Text © Loredana Battisti
English translation by Mario Beltramini
Family: (Amanitaceae) Roze
Genus: Amanita Persoon
Subgenus: Amanita Singer
Section : Vaginatae (Fr.) Quélet
Amanita mairei Foley 1949
The name has been given honouring the botanist René Maire (1878-1949), graduate in Natural Sciences.
The Section Vaginatae (ex Amanitopsis = Amanitas without ring), is characterized by basidiomata with prevailingly filamentous hyphal structure, composed by extended cells, so that the general or universal veil which protects them during the first growth stage (primary), while tearing, persists almost integrally at the base of the stipe, with the form of a volva defined as sac-shaped, more or less wrapping, leaving on the surface of the cap some patches of variable size. They show the margin of the cap clearly striated, "combed", and absence of partial veil, since it forms only at embryionic stage, to dissolve, later on, in thin flocks, or stripes, which decorate the stipe. We find Amanitas all edible, after cooking, as they contain toxic, but thermolabile, substances (the hemolysins), which dissolve with temperatures of 70-80 °C.

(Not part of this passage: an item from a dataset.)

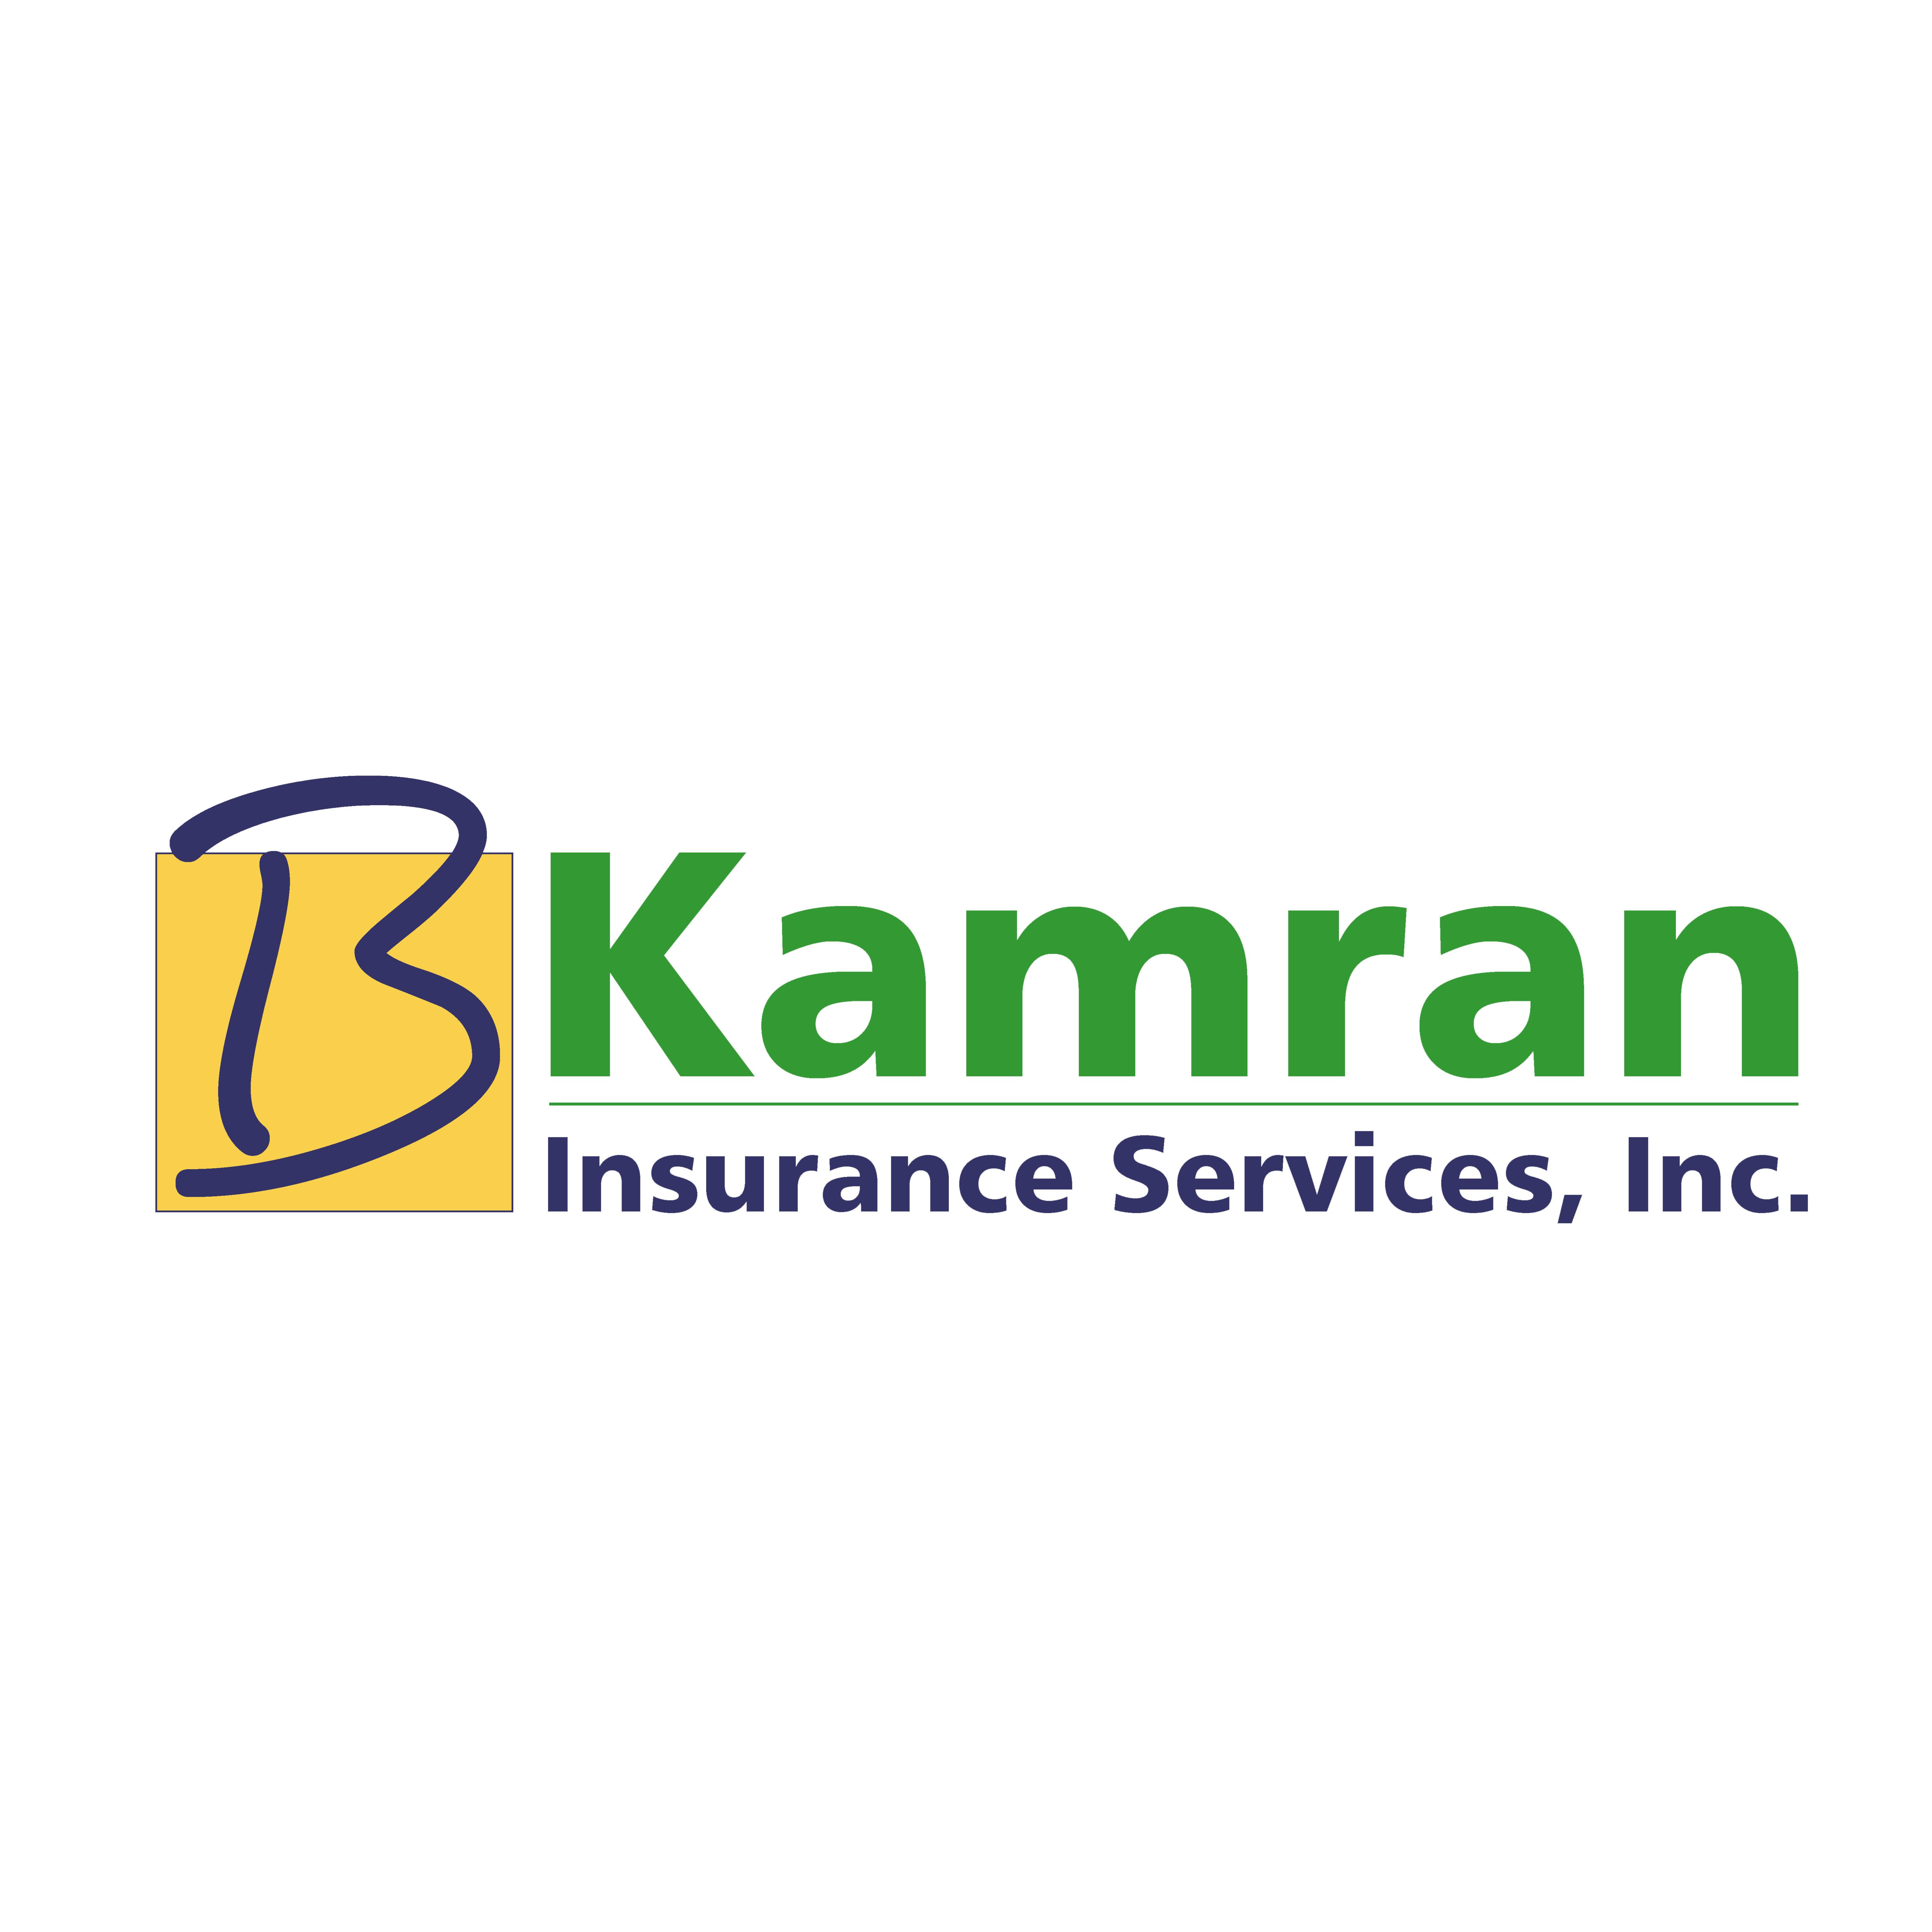 B Kamran Insurance Services, Inc.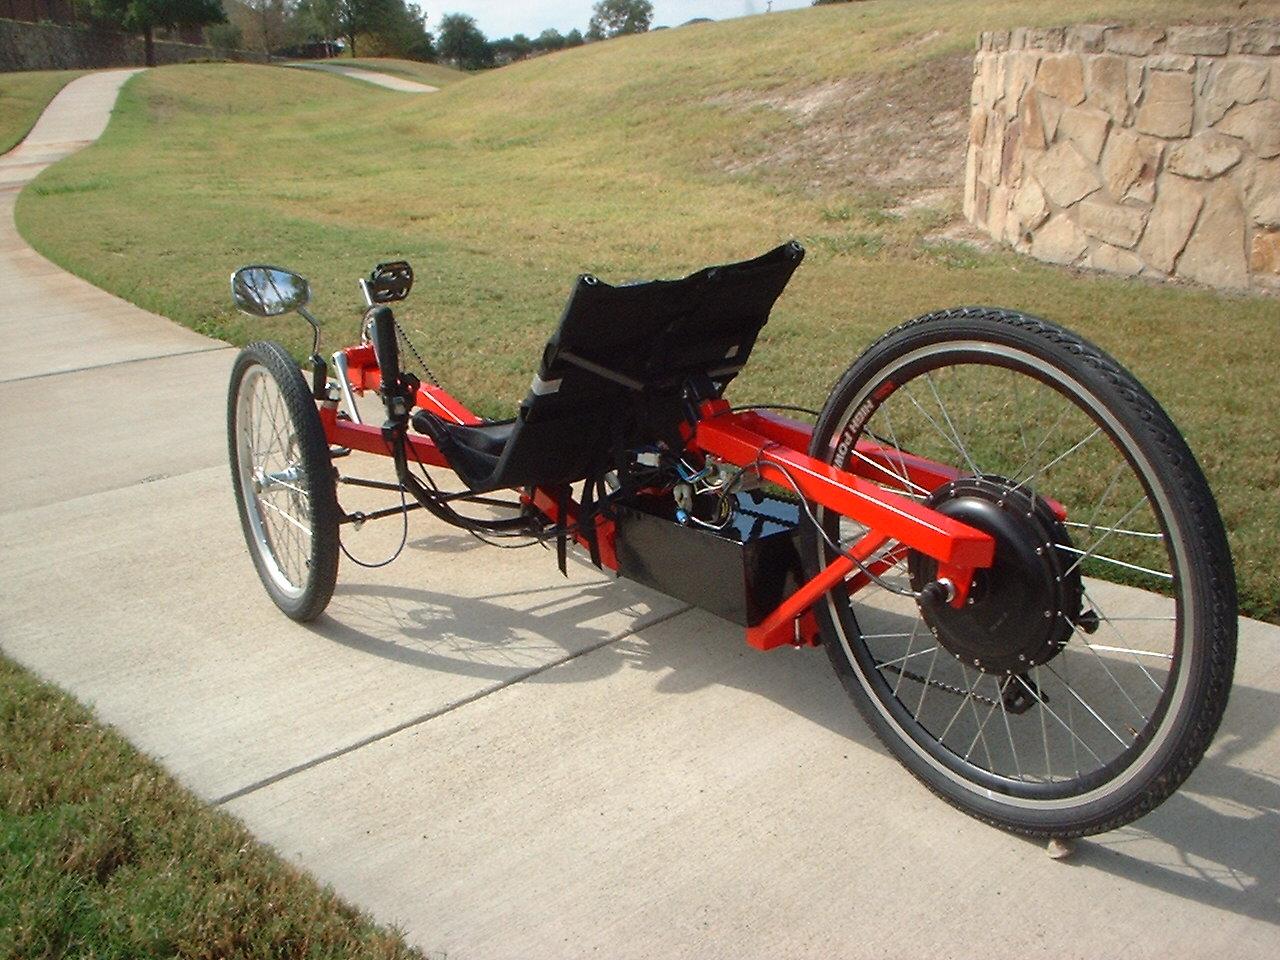 speed trike 1?w=604&h=453 motorized trikes tadpole rider Rat Rod Trikes at webbmarketing.co

Cap: of average size, from 6-10 cm, not much fleshy, frail, from hemispheric to convex to flat, with margin clearly striated, grey, ash-grey, bister-grey colouring, with remains or patches more or less big, white.
Hymenophore: lamellae thick, free to the stipe, intercalated with white, truncate lamellulae, fully sharp concolorous.
Spore: print white.
Stipe: 5-12 x 1-2 cm, cylindrical, slender, fistulous, attenuated at the apex and enlarged at the base, covered by thin floccosity, or concolorous stripes. Ring absent. Sac-shaped volva, wide and membranous, sheathing at the base and free in the upper part, "tulip" shaped, white, greying with the age.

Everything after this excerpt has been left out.